__TASK DESCRIPTION__
Leaving out the pictures, return word for word the stretch of entries below from the line holding "Jos. A Bank" through the line holding "14-四层, 七层与DNS负载均衡_负载均衡".

__THE DATA__
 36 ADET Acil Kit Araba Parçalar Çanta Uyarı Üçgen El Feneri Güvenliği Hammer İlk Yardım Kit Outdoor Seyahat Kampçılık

==

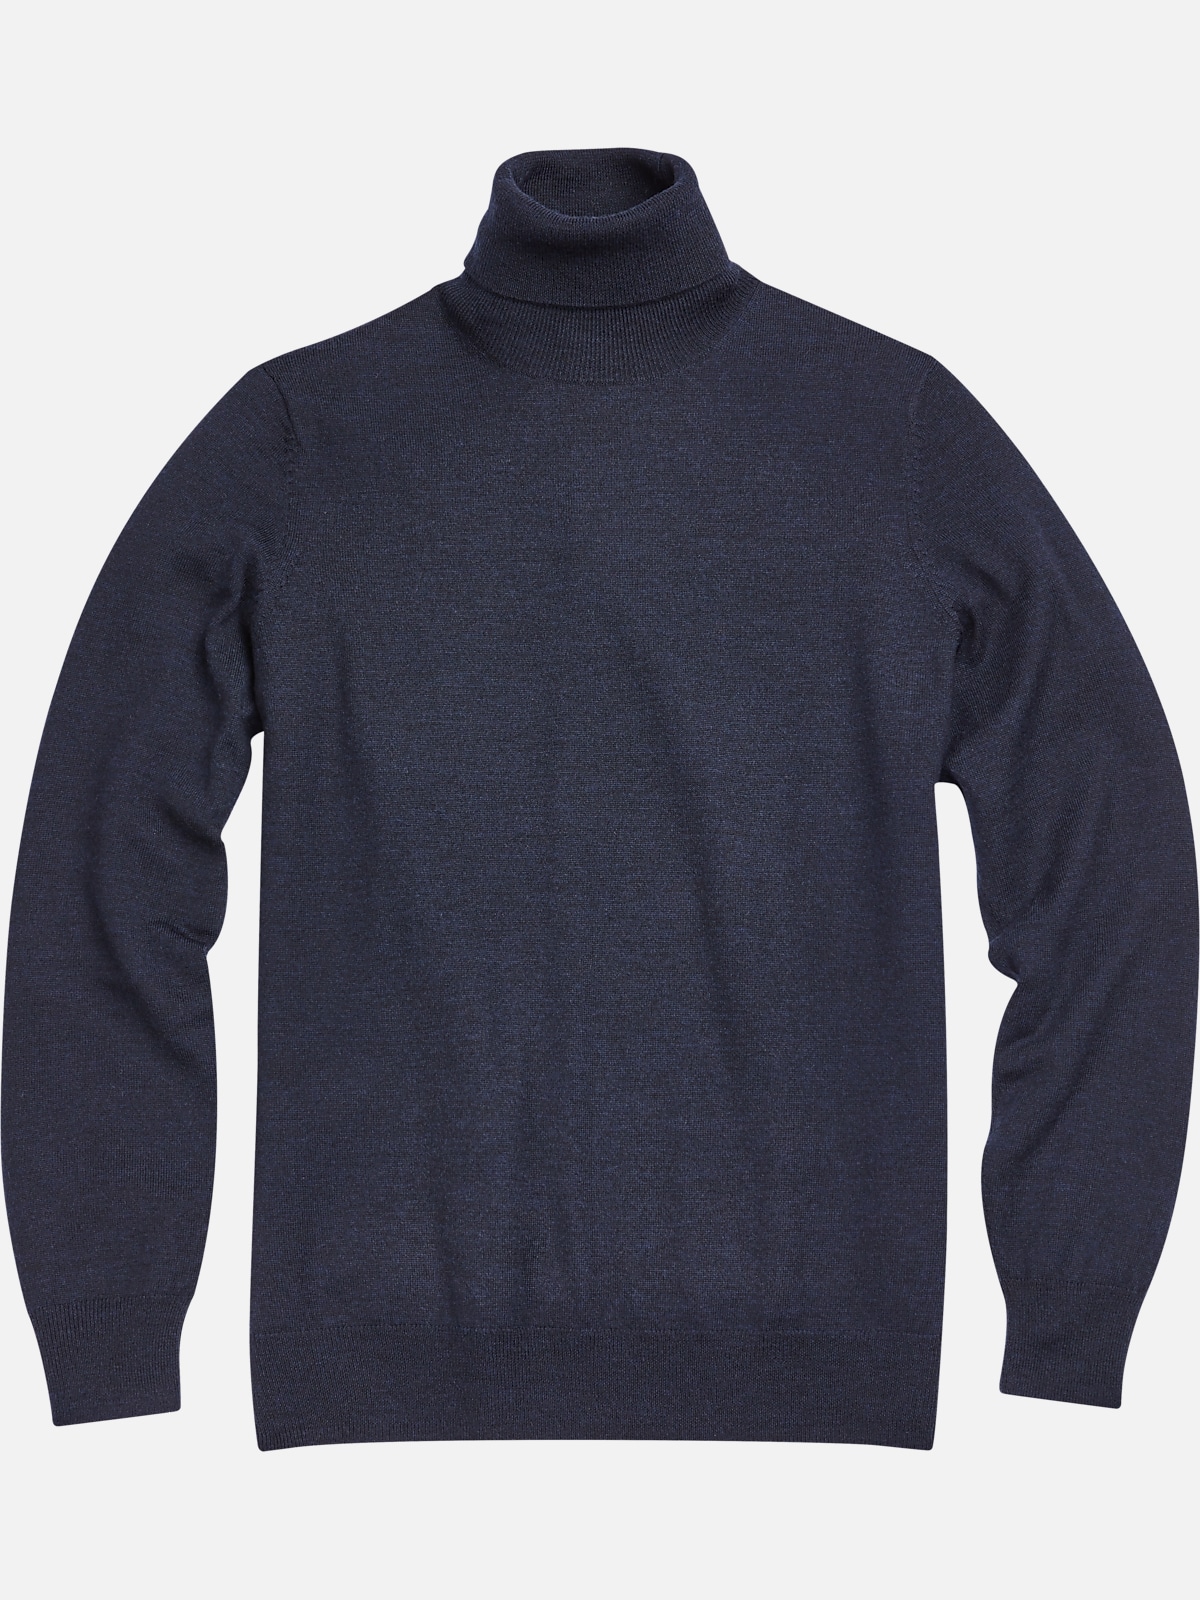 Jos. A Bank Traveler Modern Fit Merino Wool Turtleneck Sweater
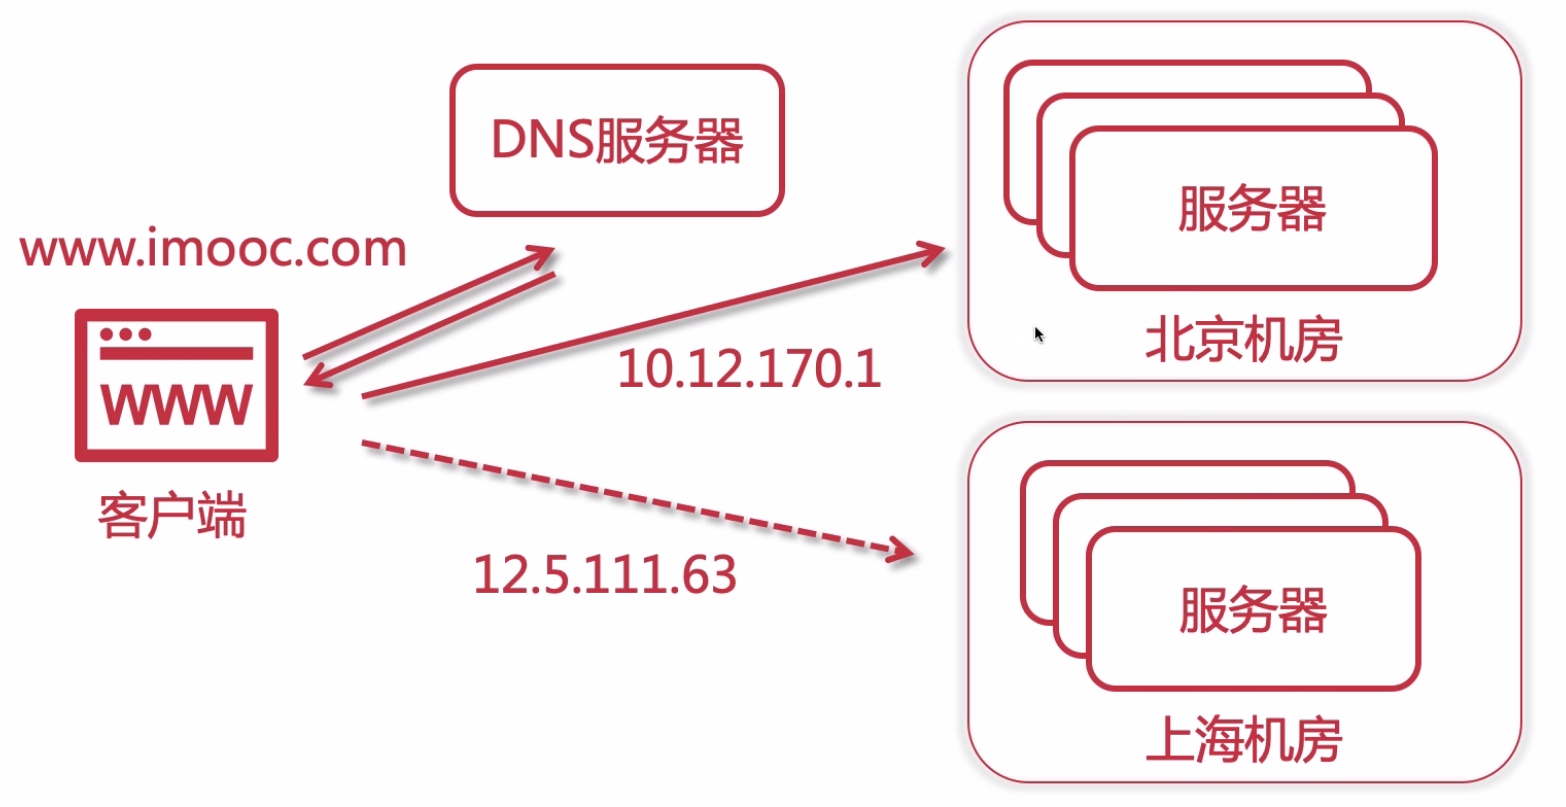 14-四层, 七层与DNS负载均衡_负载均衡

__TASK RESPONSE__
 Jos. A Bank Traveler Modern Fit Merino Wool Turtleneck Sweater
 14-四层, 七层与DNS负载均衡_负载均衡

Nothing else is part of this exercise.